Поезд остановился у огромного Новосибирского вокзала. Сияющий мраморный зал  был переполнен пассажирами. Все они с чемоданами, баулами, набитыми сумками занимали места прямо на полу, так как все деревянные скамейки были заняты. Ребята тоже нашли себе укромное место в углу.
– Васька, чувствуешь полы из каменных плит теплые. Они нагреваются паровыми трубами снизу.
– Ч-ч-чудак, н-н-не д-д-даром назвали т-т-тебя п-п-придумщиком. Это люди с-с-своими т-т-телами наг-г-гревают п-п-литы с-с-сверху.
– Вижу, вижу с каждым днем все грамотней, становишься – скоро ученую степень получишь.
– – П-п-поживем – у-у-увидим... – в-в-возьми картошку п-п-покушай.

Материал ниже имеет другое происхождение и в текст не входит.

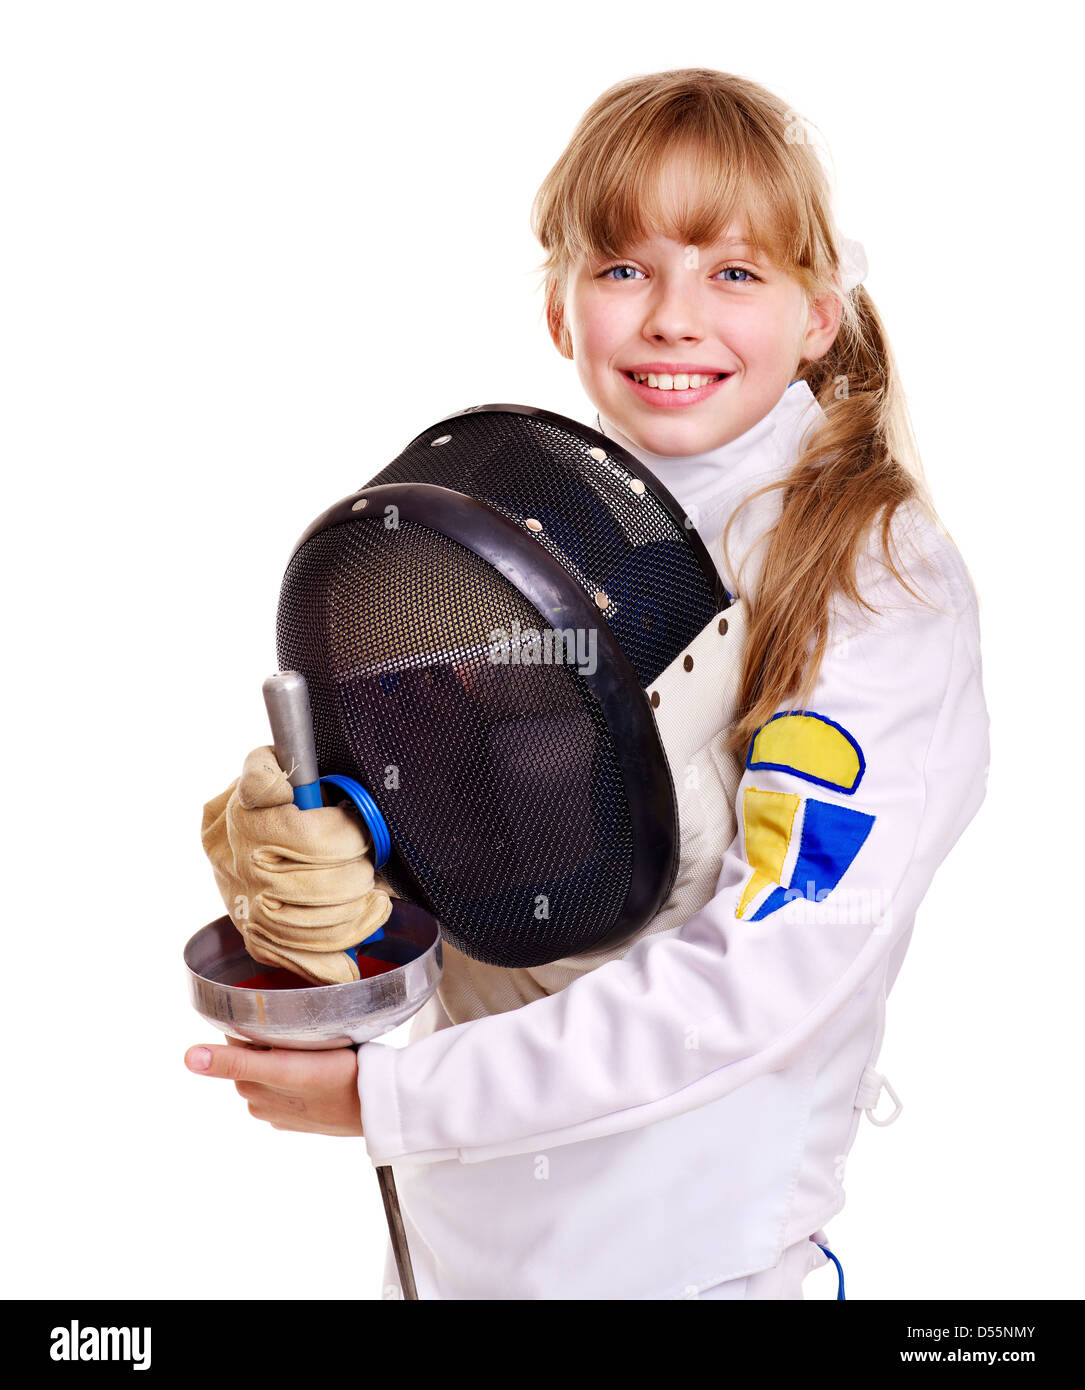 Child in fencing costume holding epee . Stock Photo

За квадратными окнами вокзала надвигались сумерки. Здесь они собирались провести спокойно первую ночь. Утомленные, перепуганные прошедшим днем ребята, не успев задремать, услышали привычное слово “облава”. Железнодорожная милиция проводила проверку документов. Они закрыли все входы и выходы. Но нашим беглецам, на этот раз повезло, рискнув проскользнуть за широкой спиной милиционера, ребята незамеченными, оказались на перроне. На первом пути красовался зеленый эшелон Барнаул-Петропавловск.
– Это нам подходит, – сказал Мендельсон, поднявшись на подножку вагона. Мы проберемся на третий этаж. Залезай Васька. В поезде еще никого нет. Посадка – не началась. Облава... На весь поезд – один кондуктор. Вот мы хорошенько спрячемся...
– В-в-впрятки и-и-играть, т-т-ты с-с-спец...
Невидимками, прижавшись лицами к стенкам, под самой крышей вагона, первые пассажиры заснули сладким сном.
Утром поезд прибыл в Петропавловск. Проснувшись от сильного толчка, не разобравшись спросонку, где они находятся, зайцами спрыгнув с верхних полок, выбежали из вагона.
Пасмурное осеннее утро. На перроне толпы пассажиров спешащих в город: кто домой, кто на работу у всех отекшие, серые лица – движущаяся масса фуфаек... Местных жителей сразу можно определить по сплющенным носам и узким разрезам глаз – казахи, коренное население. Петропавловск – областной центр Северного Казахстана.
– Васька, давай пойдем на барахолку, продадим твою американку и купим казахские лепешки...
А-а-а я-я-я, что н-н-носить б-б-буду?
За полцены купим поношенную рубаху.
С-с-согласен, п-п-пойдем. Они н-н-нам д-д-дорогу п-п-покажут п-п-прямо н-н-на б-б-базар и-и-идут к-к-колхозники с-с-с м-м-мешками.
Чмутов был прав, за каких-то минут десять, следуя, за пешеходами, подошли к базарной площади. Чего там только не бьшо: помидоры; спелые и квашенные, картофель всех сортов, хлеба круглые и квадратные, лепешки – на каждом шагу:
– Покупайте! Теплые, свежие лепешки, по пять рублей пара!!! – предлагал молодой торговец. Ребята направились к базару, где продавались разные шмотки, но дойти туда им не удалось, их приветствовал под козырек форменной фуражки строгий милиционер:
– Ваши документы! – К-к-какие – е-еще д-д-документы? Нам в-в-всего-то п-п-по тр-р-ринадцать лет.
– Предъявите, справку!
– Товарищ милиционер, нет у нас справок – беспризорники – мы.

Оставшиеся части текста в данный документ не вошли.